/---
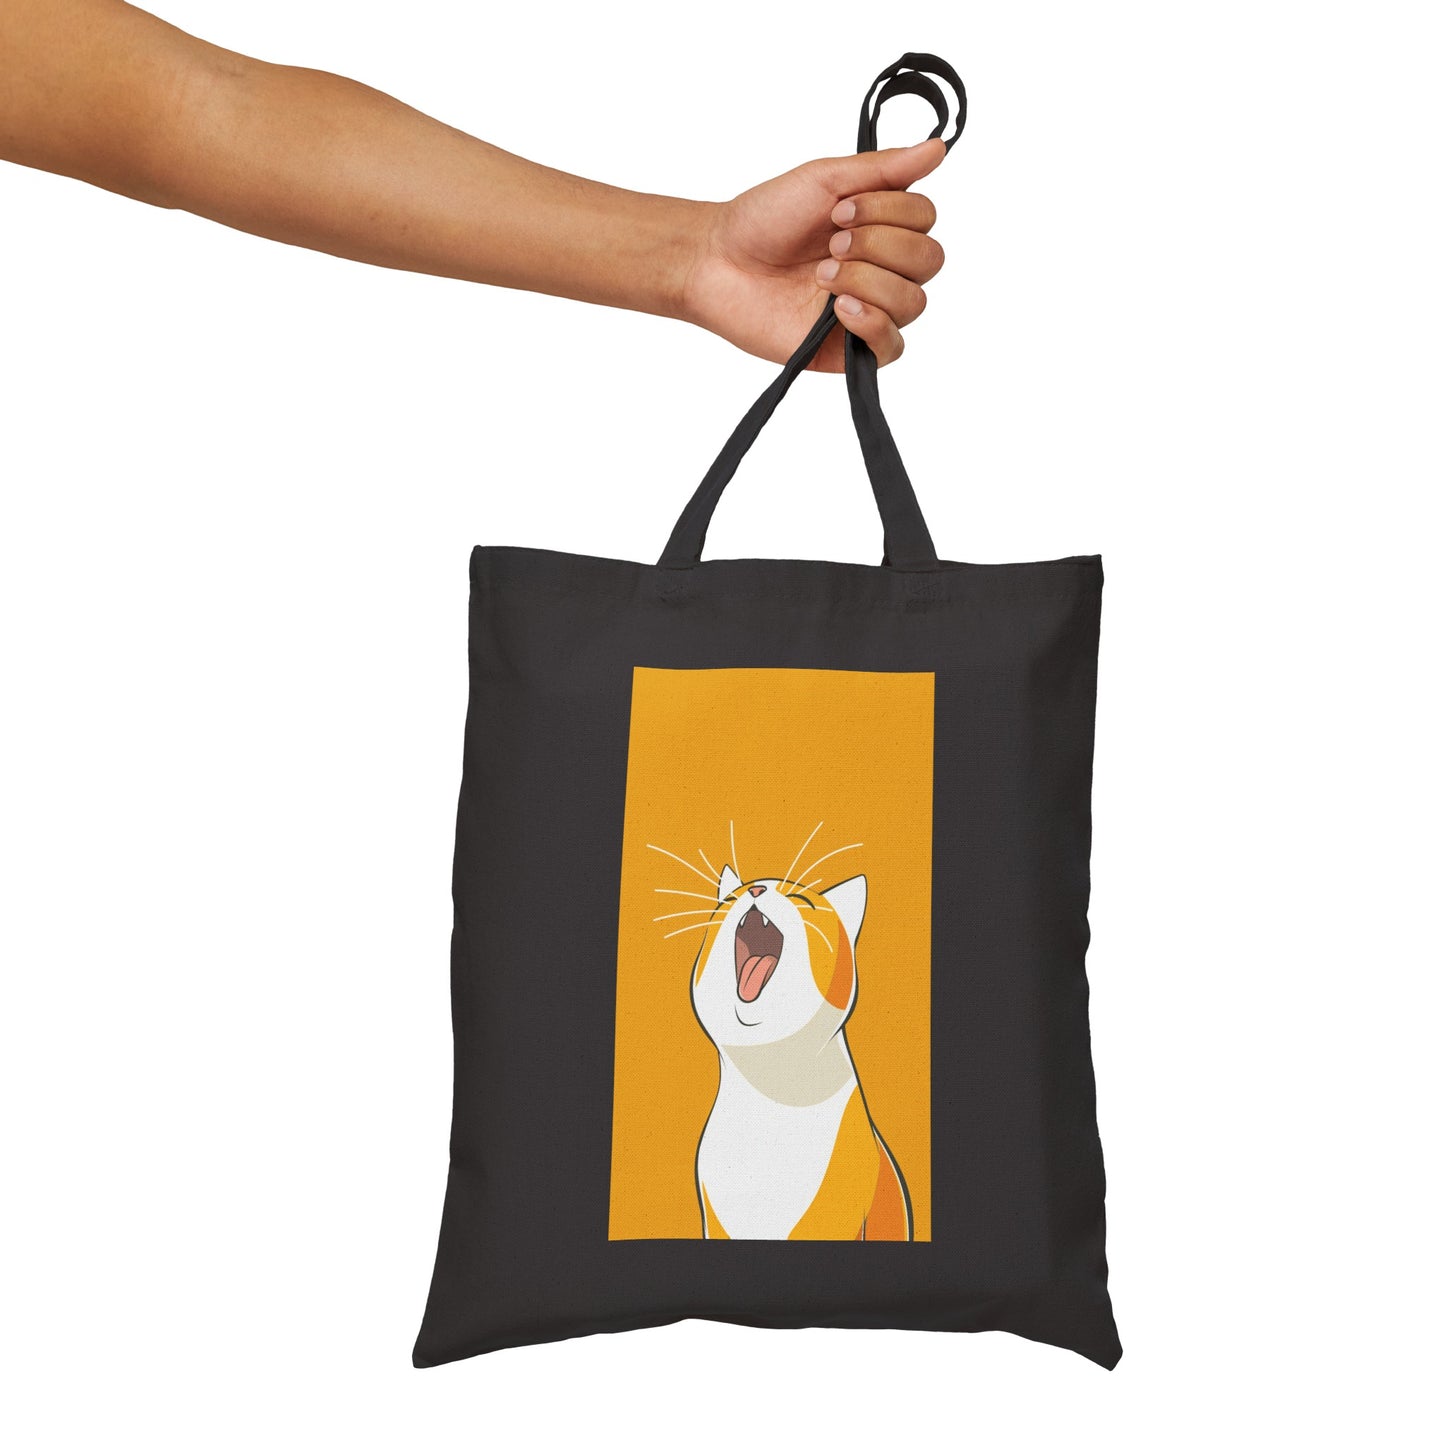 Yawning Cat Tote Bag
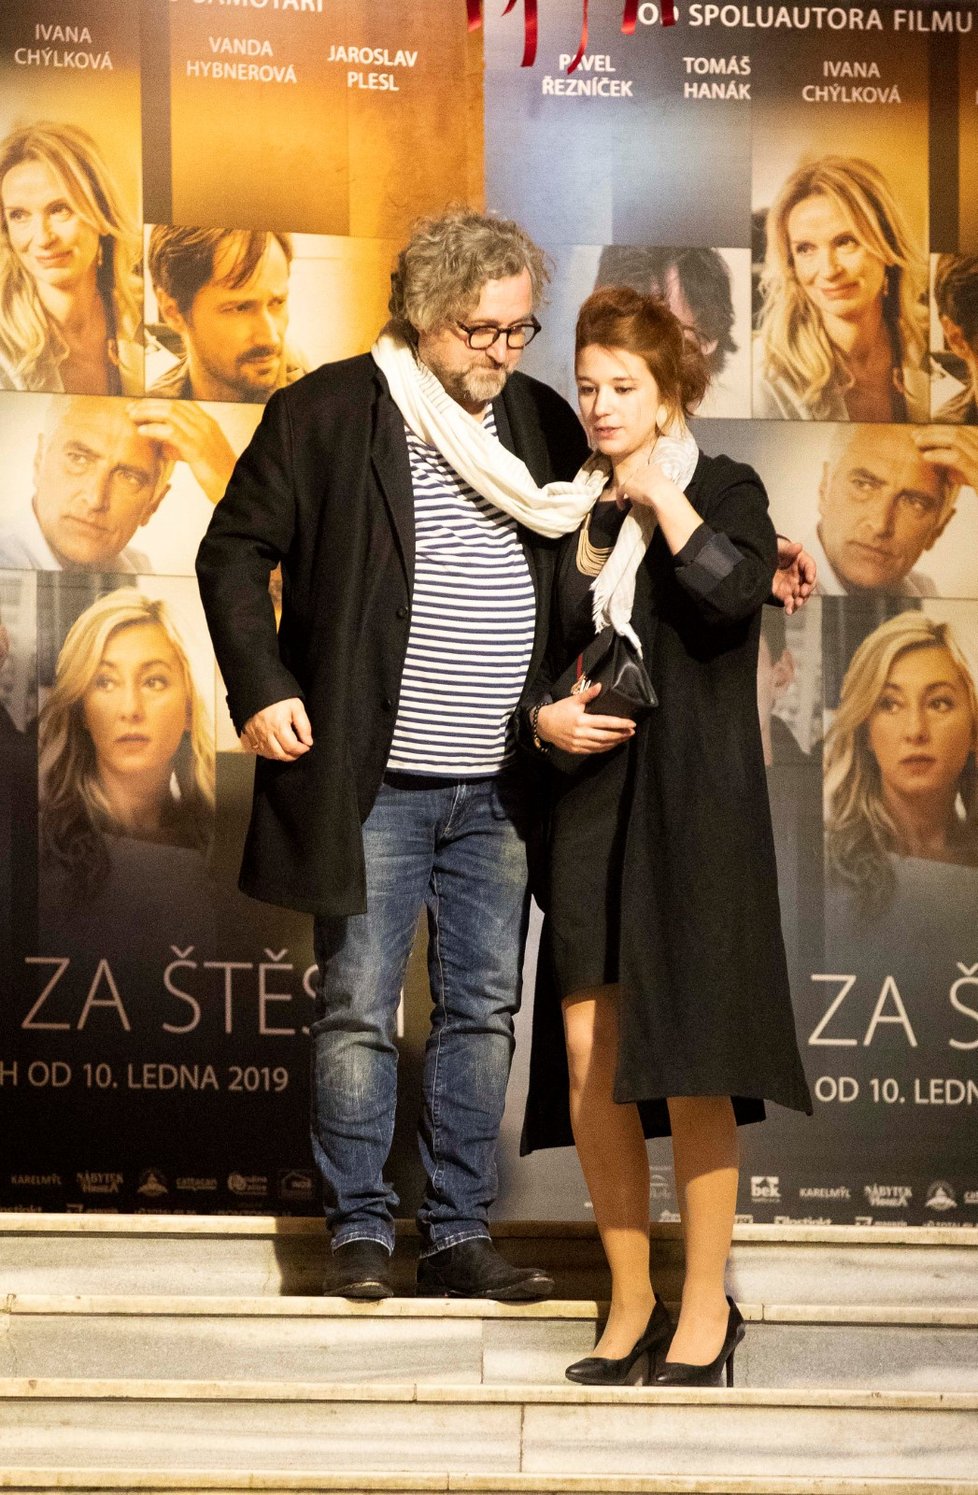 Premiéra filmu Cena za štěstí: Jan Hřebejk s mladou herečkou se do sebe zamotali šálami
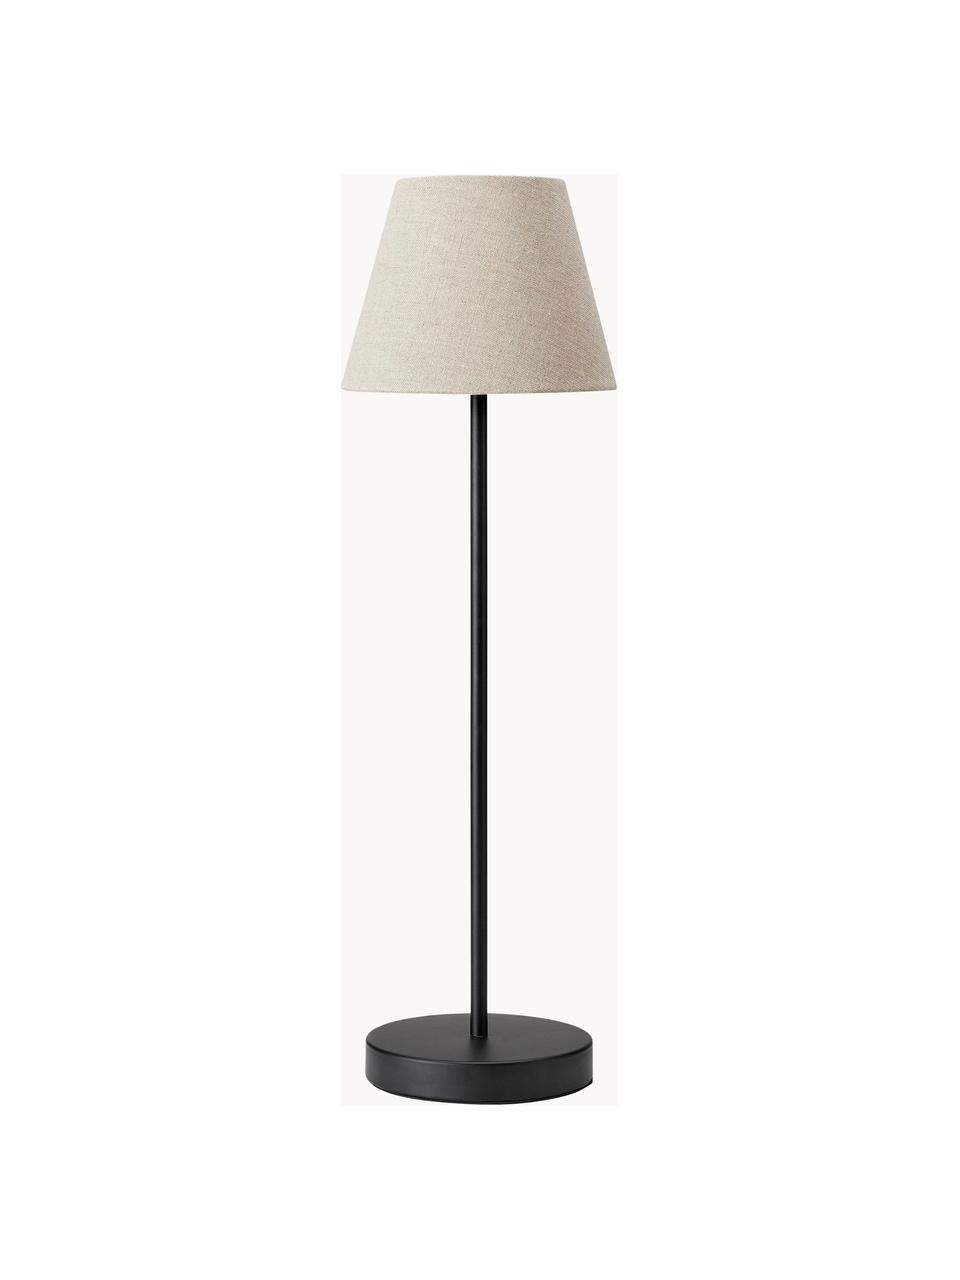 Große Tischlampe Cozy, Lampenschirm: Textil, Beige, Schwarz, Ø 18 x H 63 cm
\---
Directions for this task: Inclusive range, exact copy: the line containing "Premiéra filmu Cena" through the last line of the listing. Print nothing else, and no pictures.

Completed exercise:
 Premiéra filmu Cena za štěstí: Jan Hřebejk s mladou herečkou se do sebe zamotali šálami
 Große Tischlampe Cozy, Lampenschirm: Textil, Beige, Schwarz, Ø 18 x H 63 cm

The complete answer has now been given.